Learn how to find the derivative of x^2 + tan x. The derivative is d/dx[x^2 + tan x].
Below is the graph of f(x) = x^2 + tan x and its derivative f'(x). Notice how the original function and derivative relate to each other.
Original Function:
Derivative:
This derivative represents the rate of change of the original function. The calculation follows standard differentiation rules as shown in the step-by-step solution below.
We recognize that x^2 and tan x are separate terms. The term x^2 fits the structure of the Power Rule, while tan x requires the use of standard trigonometric differentiation rules.

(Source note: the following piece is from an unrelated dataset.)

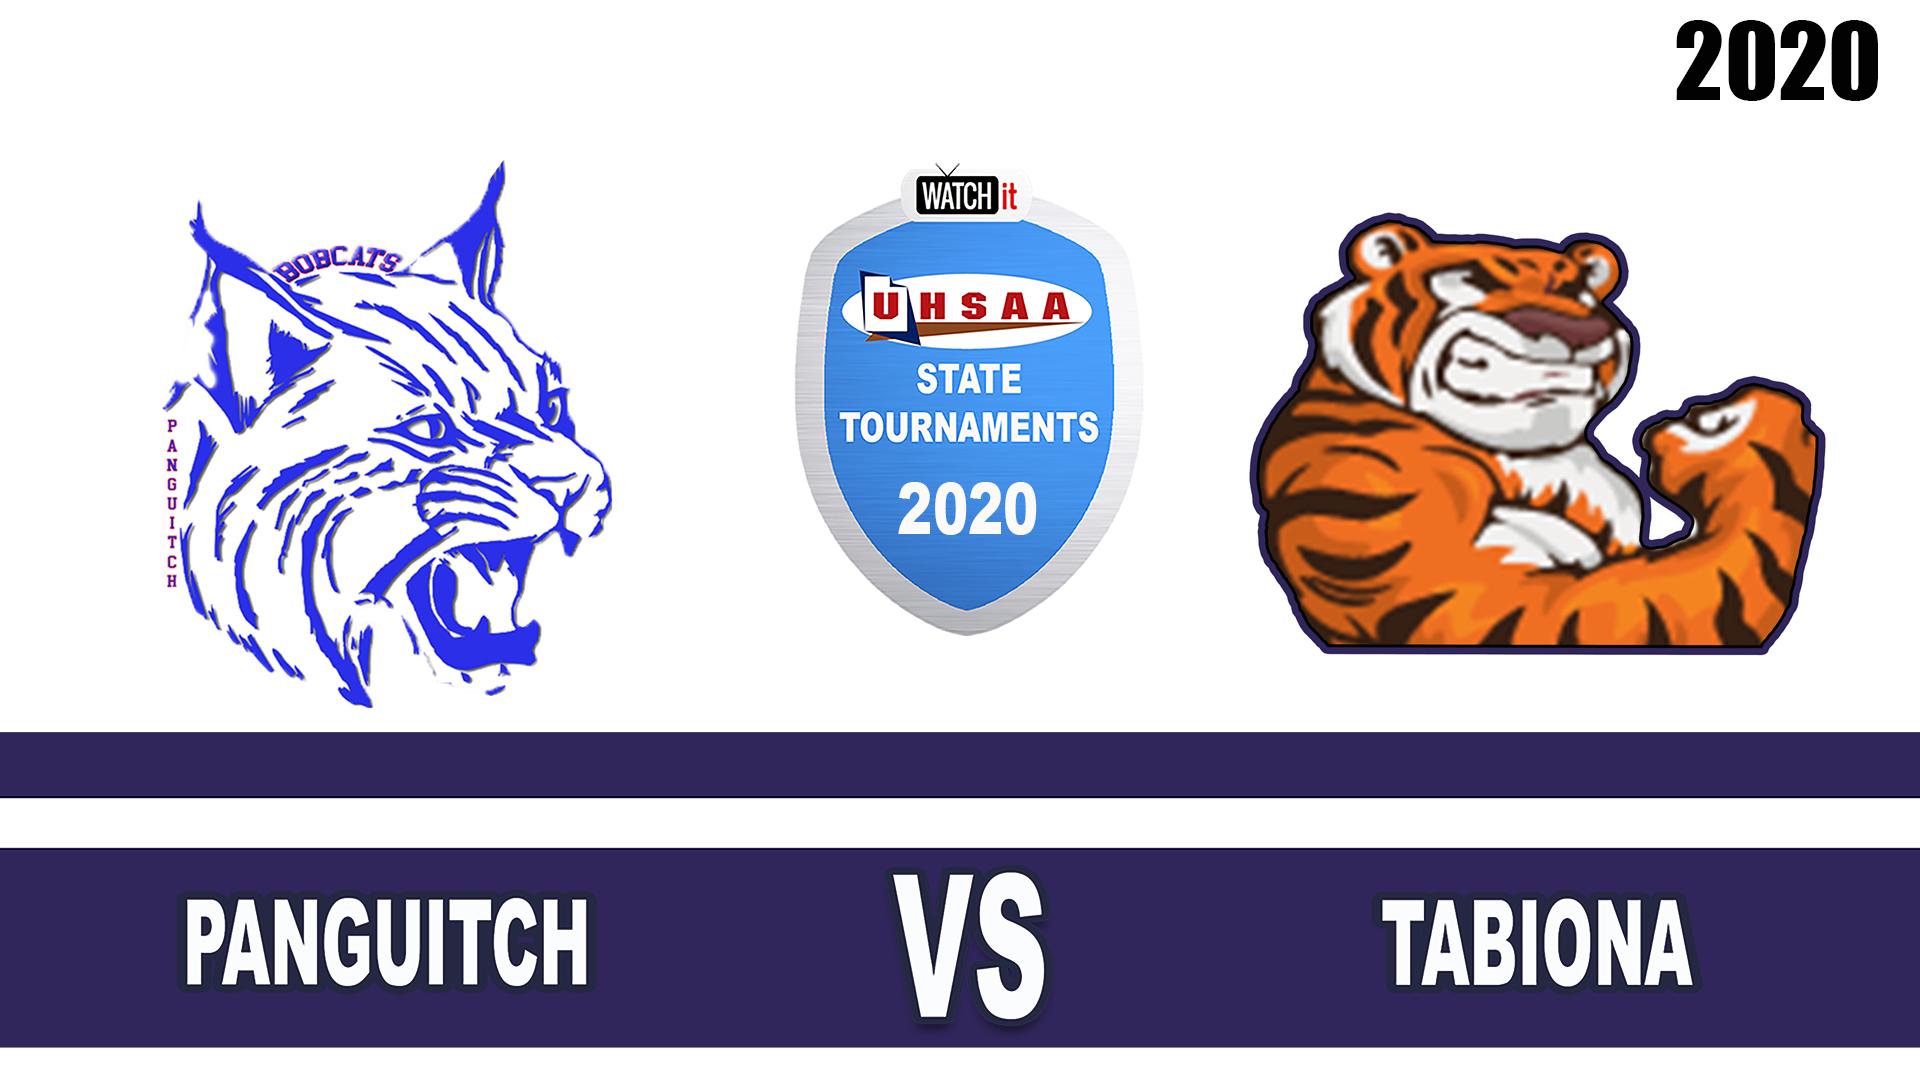 Panguitch vs Tabiona

💡 Why this works: The Power Rule applies to x^2, as it involves a power of x, and tan x needs to be differentiated using its known derivative.
First, differentiate x^2 using the Power Rule: d/dx[x^2] = 2x. Then, differentiate tan x using the standard rule for the derivative of tangent: d/dx[tan x] = sec^2(x).
💡 Why this works: By applying these rules, we obtain the derivative of f(x) = x^2 + tan x, which is f'(x) = 2x + sec^2(x).
The derivative simplifies to 2x + sec^2(x), which is the final form. This derivative is now fully simplified and ready for use.
💡 Why this works: After applying the rules and simplifying, we verify that the derivative is correct, with no further simplifications needed.
[Teaching explanation - to be filled]
[Application to this function - to be filled]
❌ Common Mistake:
Not simplifying the final answer
✅ Correct Approach:
Always simplify your derivative to its most reduced form
Double-check your work by comparing your steps with our solution. Use our calculator to verify each step of the differentiation process.
Calculate any derivative instantly with step-by-step solutions. Perfect for students, teachers, and anyone learning calculus.